▶ _Records provided_:

==================================================

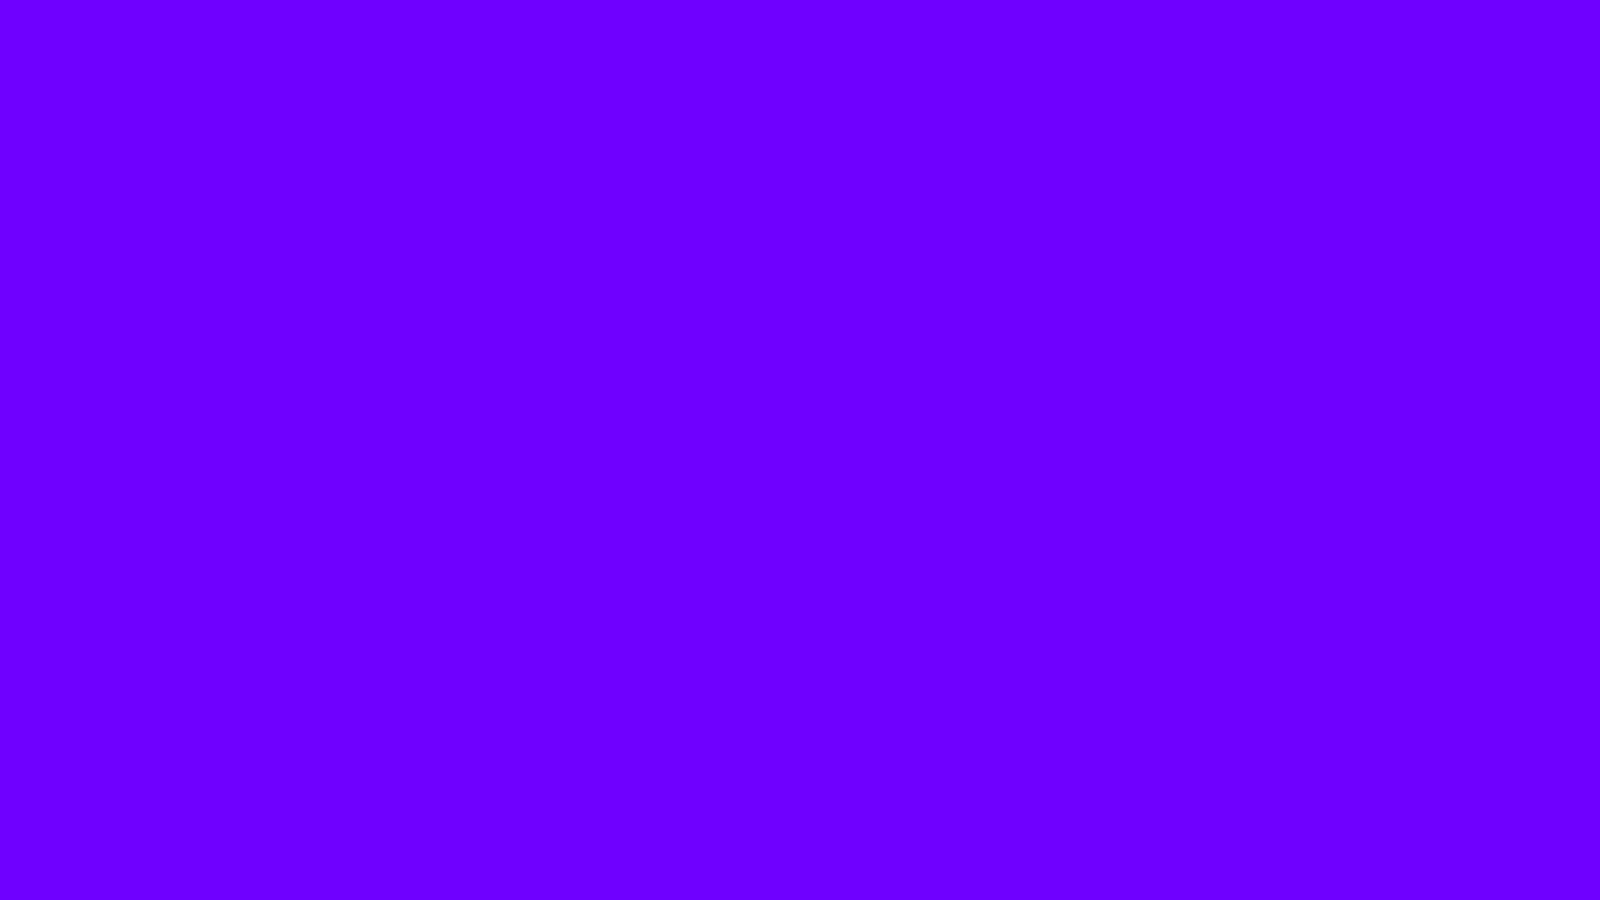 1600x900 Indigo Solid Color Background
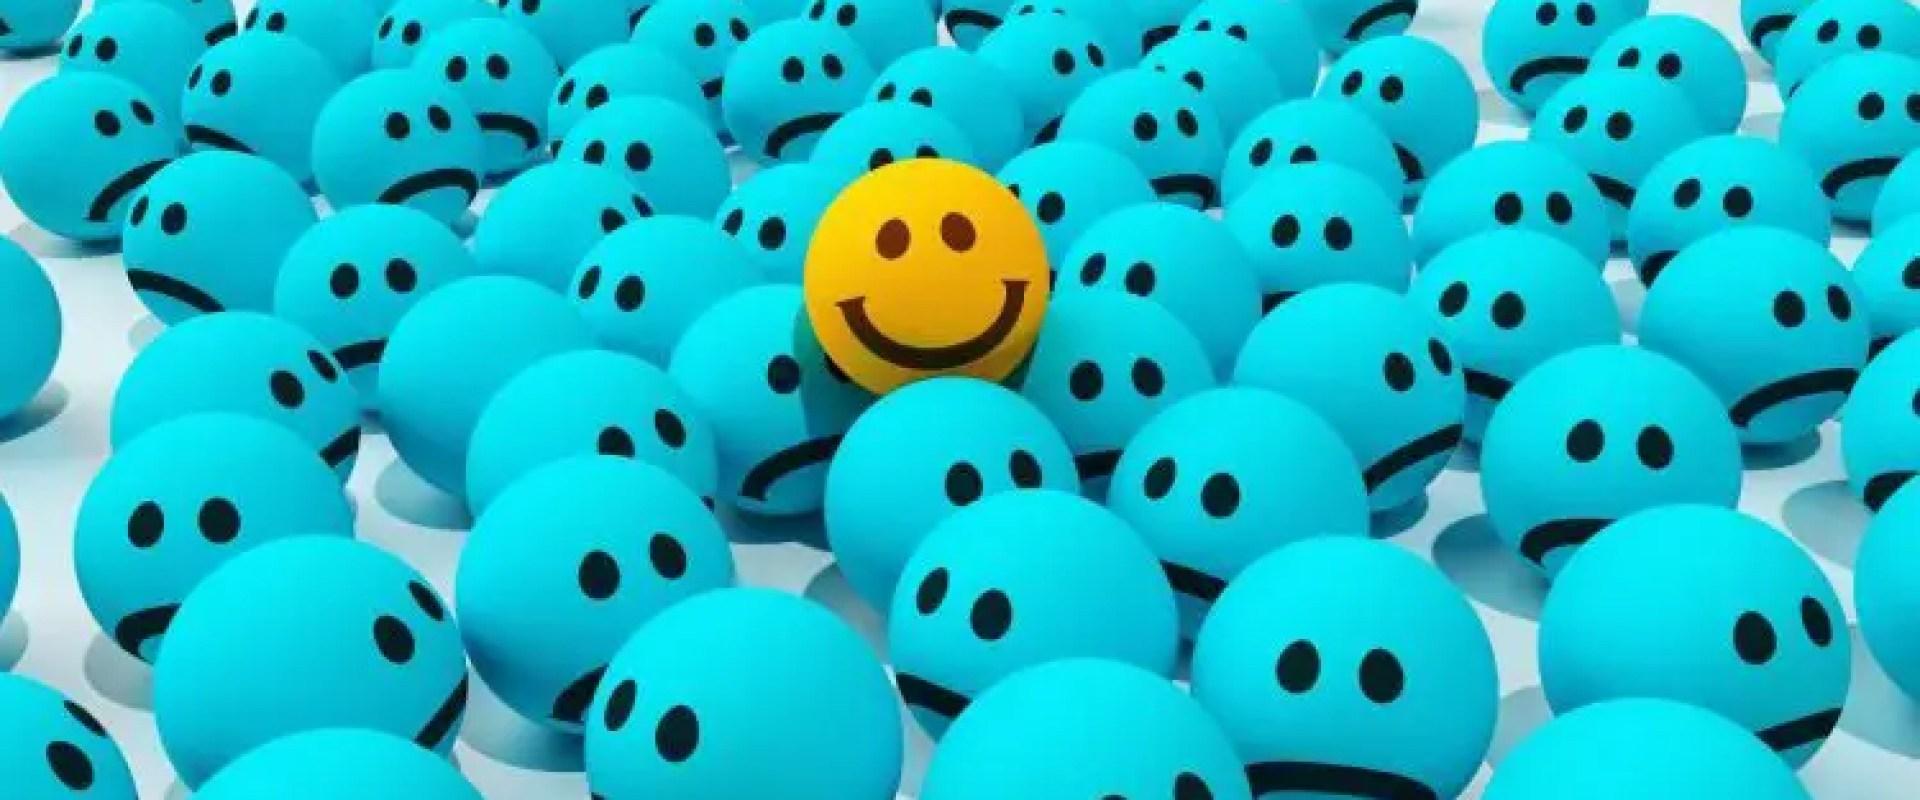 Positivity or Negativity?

==================================================

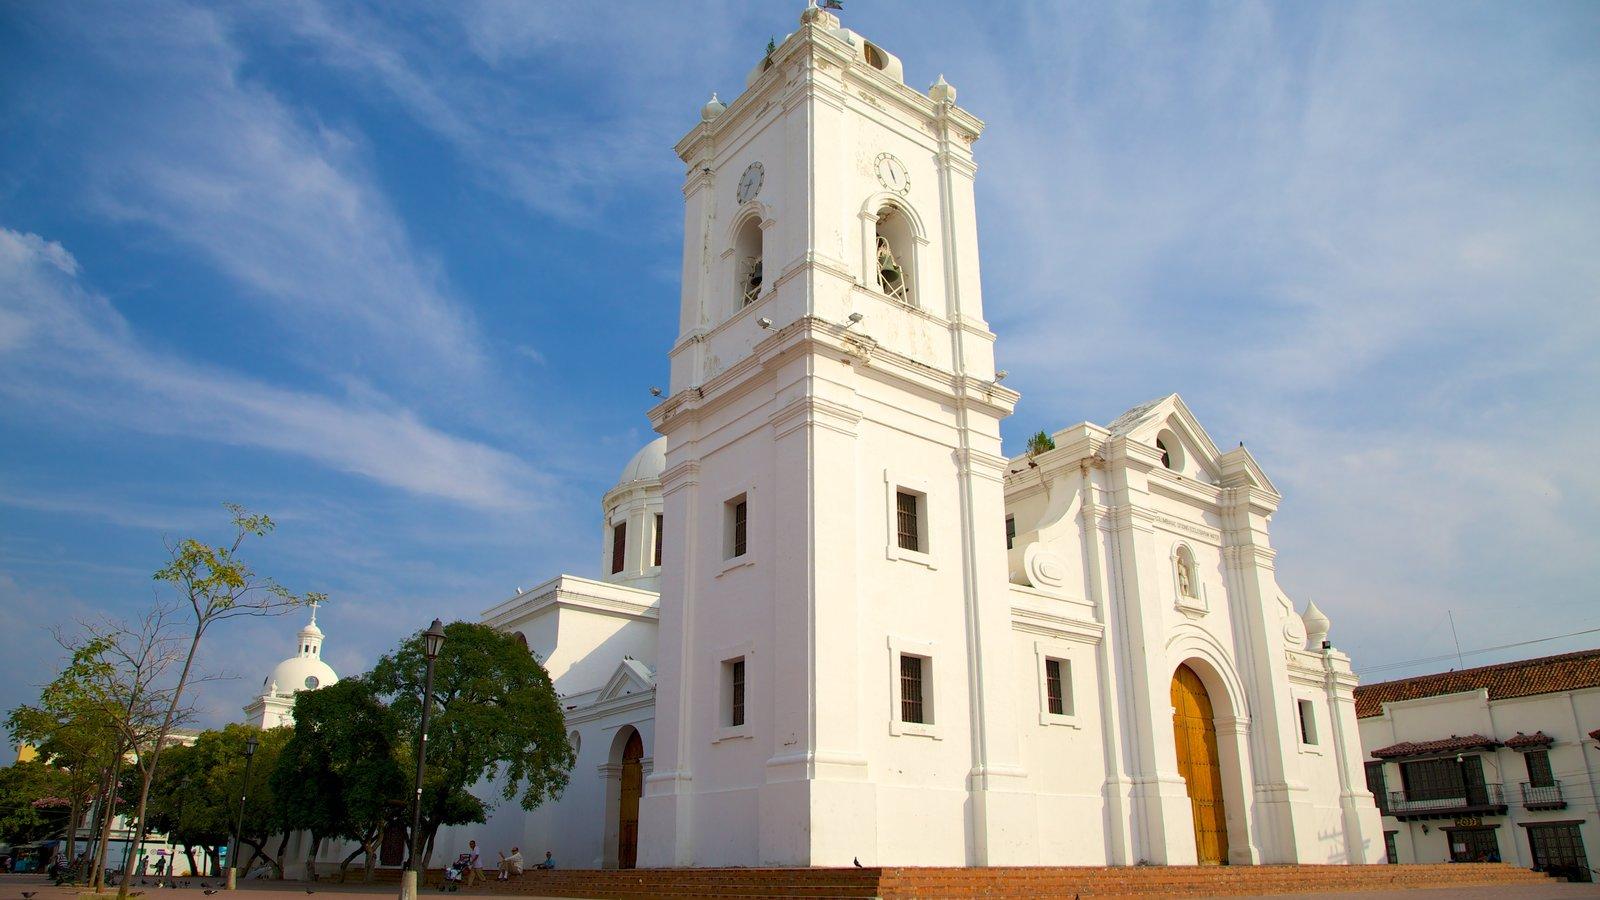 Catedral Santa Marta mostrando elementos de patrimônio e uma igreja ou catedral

==================================================

▶ _What is expected_: Range to copy from the records above: the line containing "1600x900 Indigo Solid Color Background" to the line containing "Positivity or Negativity?", both included. Output those lines exactly and only those, skipping pictures.

▶ _Task response_:
 1600x900 Indigo Solid Color Background
 Positivity or Negativity?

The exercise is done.